(Beginning of SOURCE DATA)

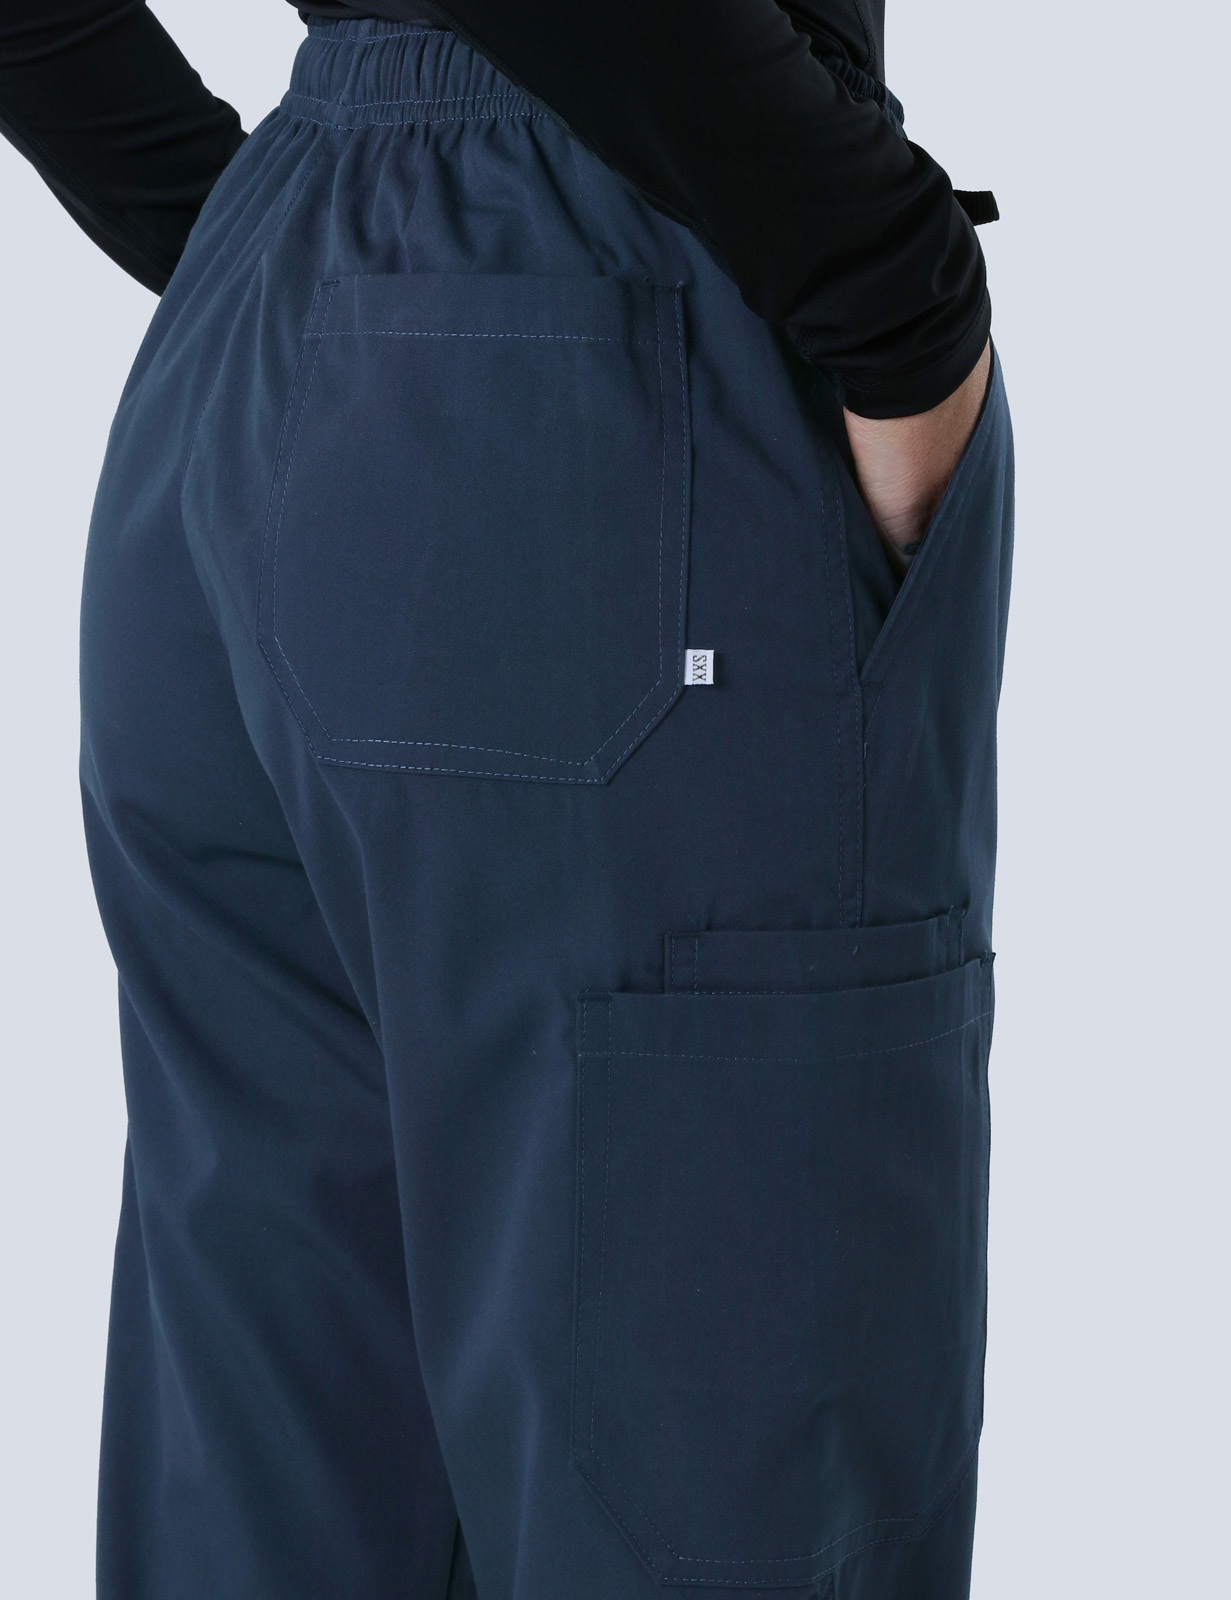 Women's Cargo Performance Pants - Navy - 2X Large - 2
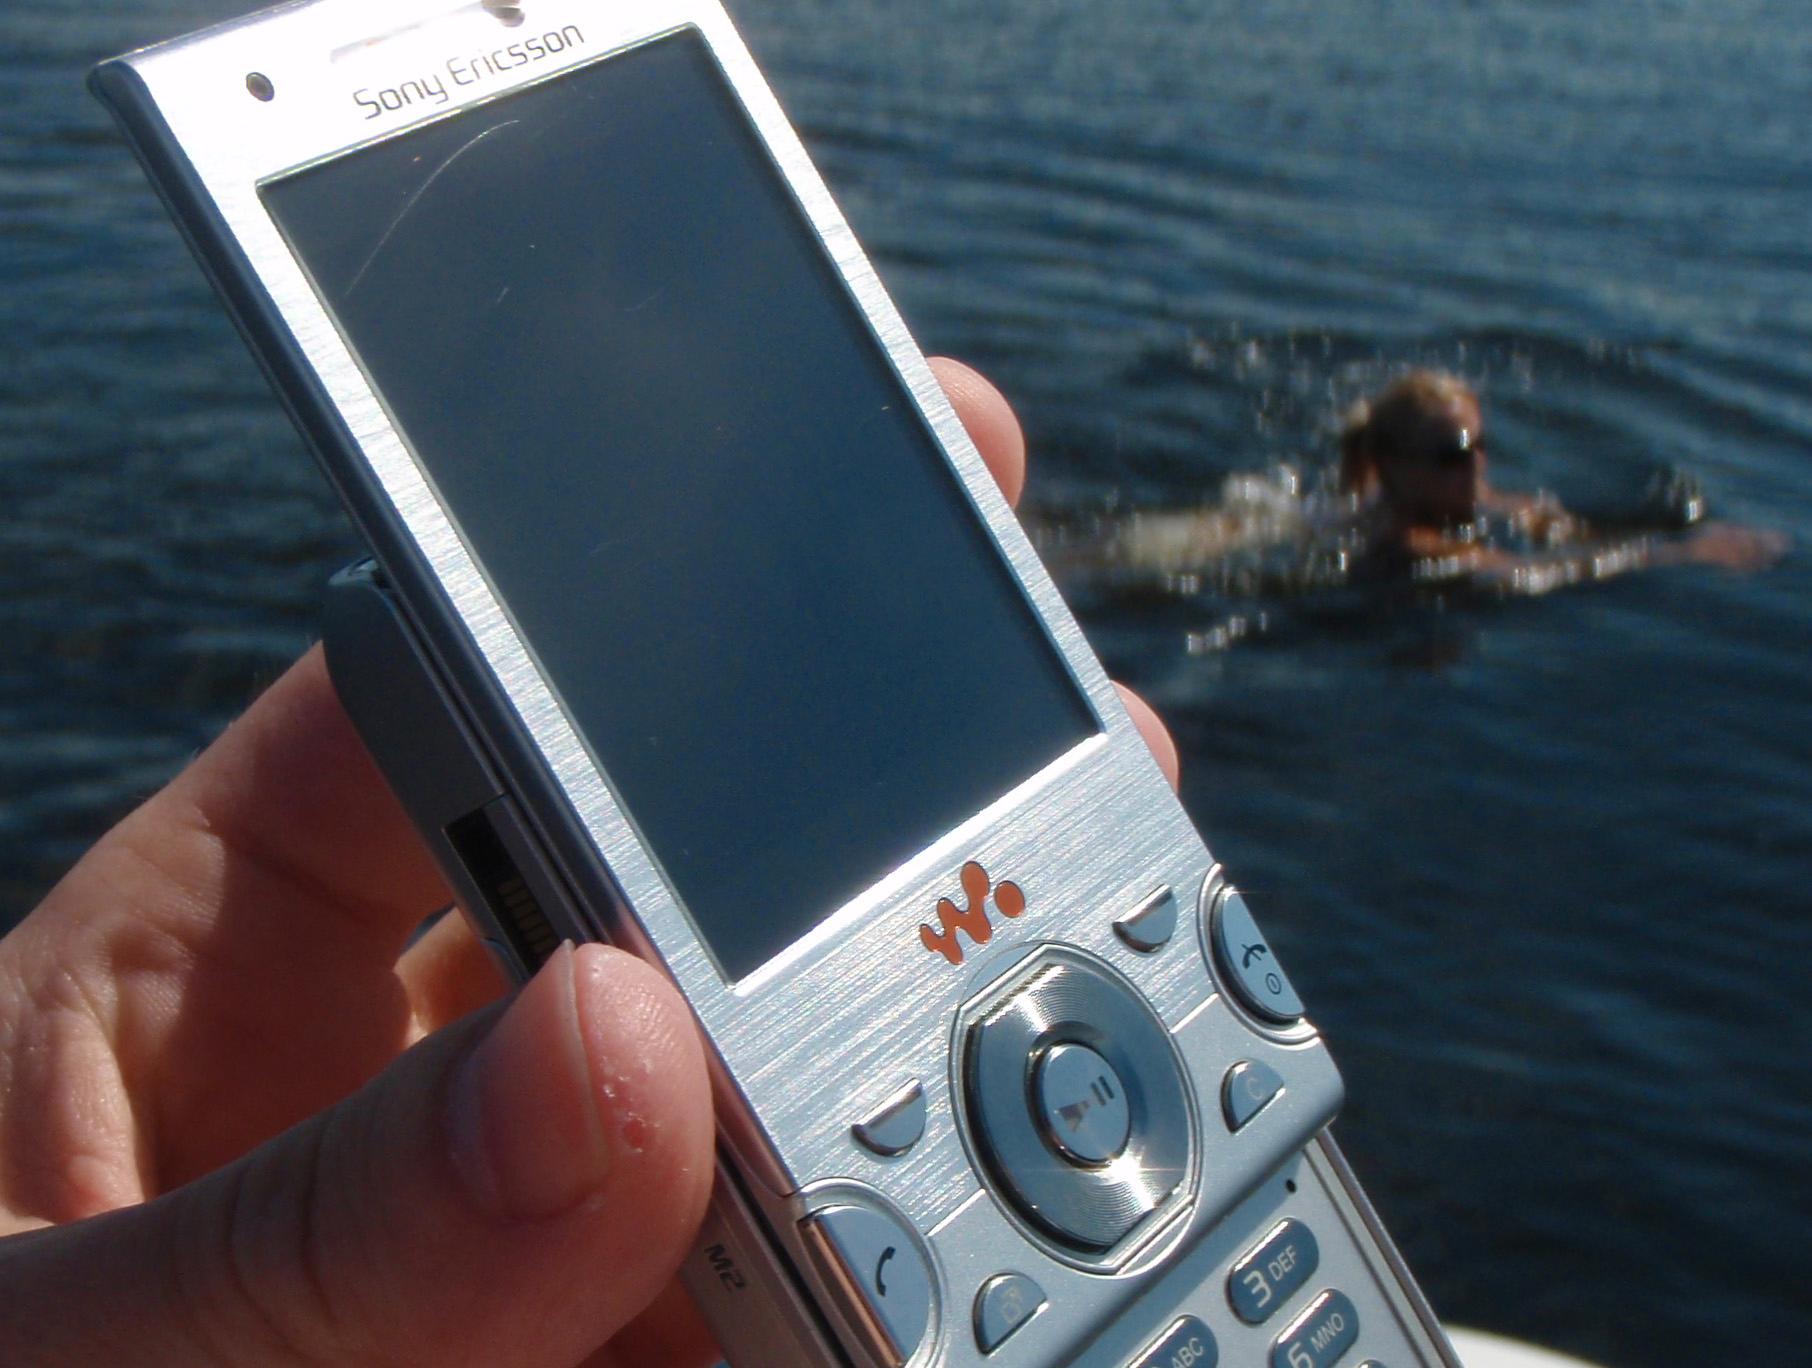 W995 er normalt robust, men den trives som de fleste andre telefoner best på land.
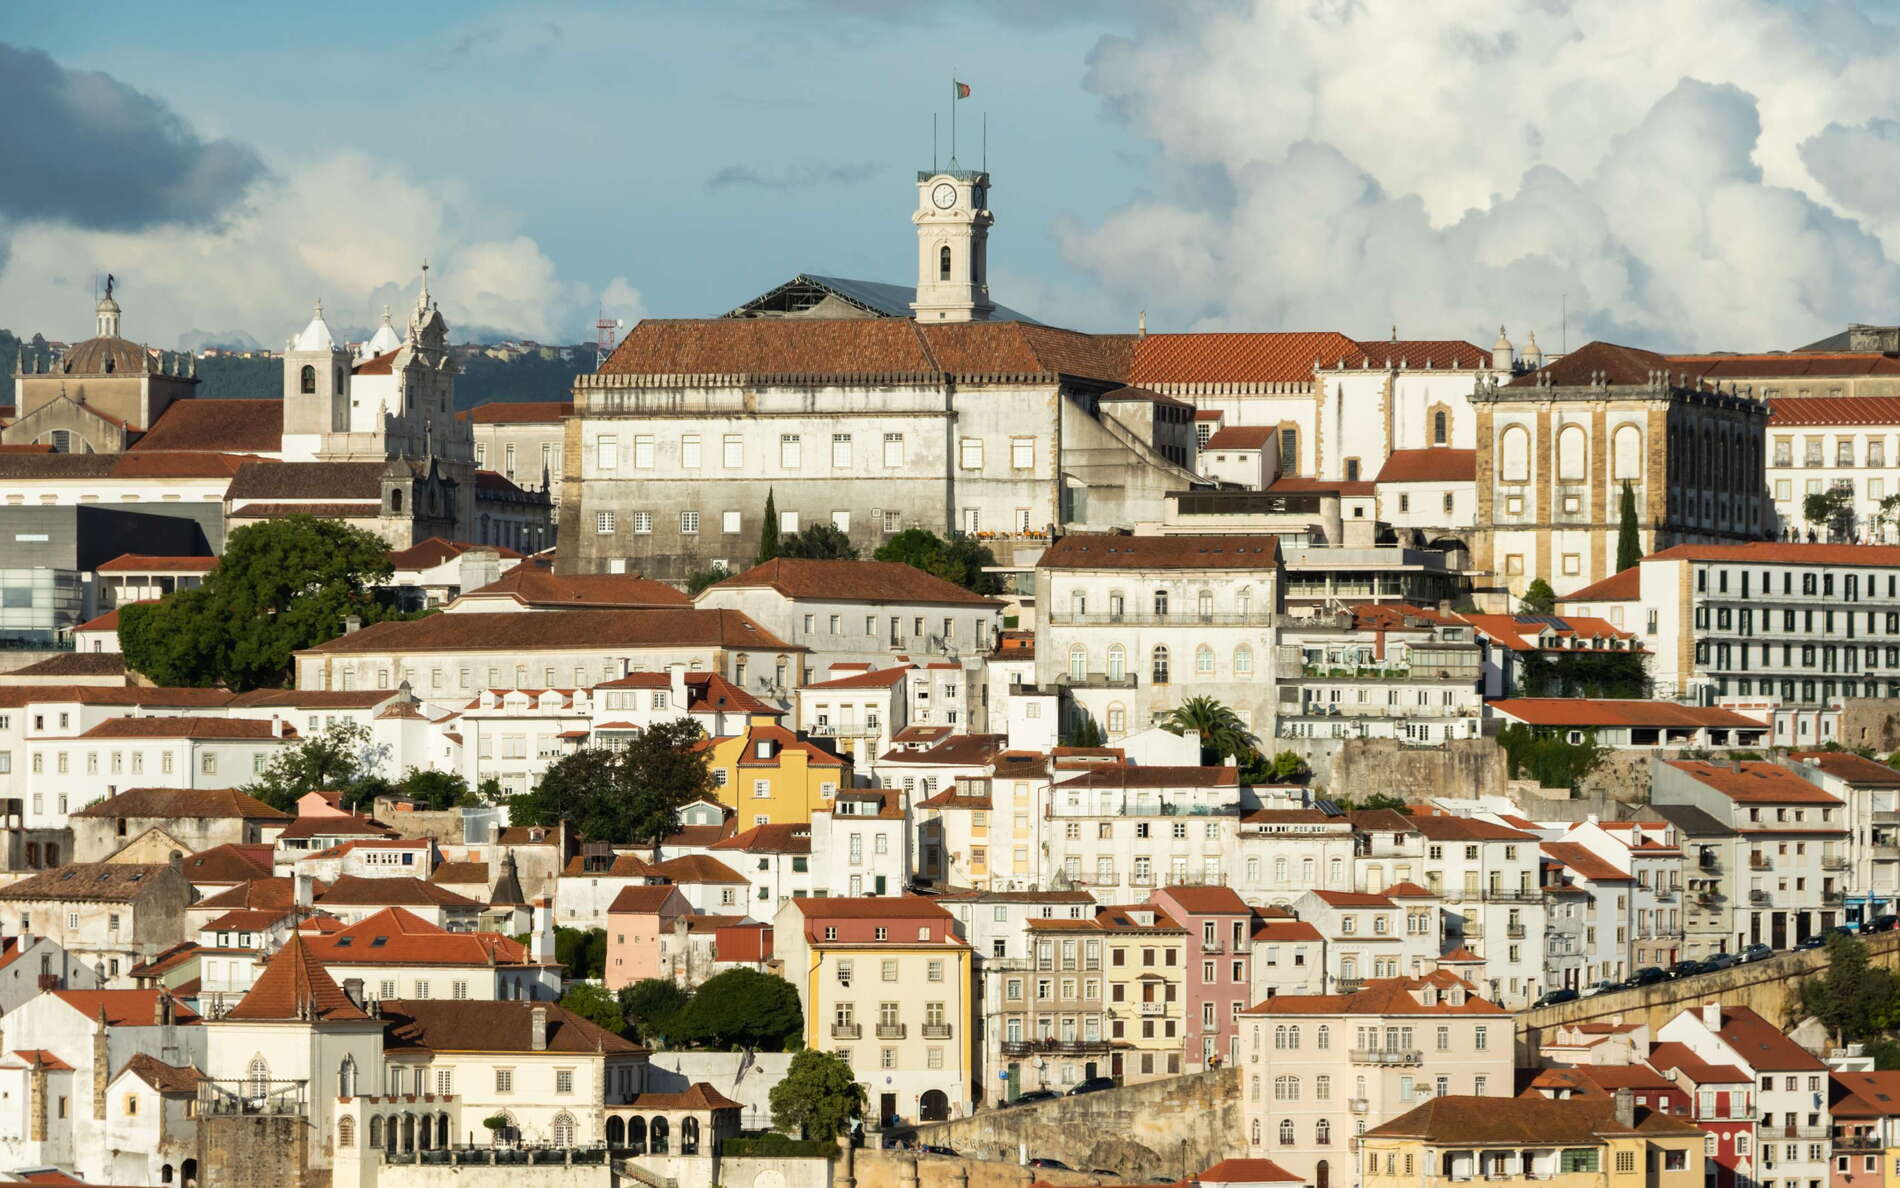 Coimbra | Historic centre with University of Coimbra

(End of SOURCE DATA)

■ TASK TO CARRY OUT
The data above should be repeated in full and exactly, with no pictures carried over.

■ RESPONSE BELOW
 Women's Cargo Performance Pants - Navy - 2X Large - 2
 W995 er normalt robust, men den trives som de fleste andre telefoner best på land.
 Coimbra | Historic centre with University of Coimbra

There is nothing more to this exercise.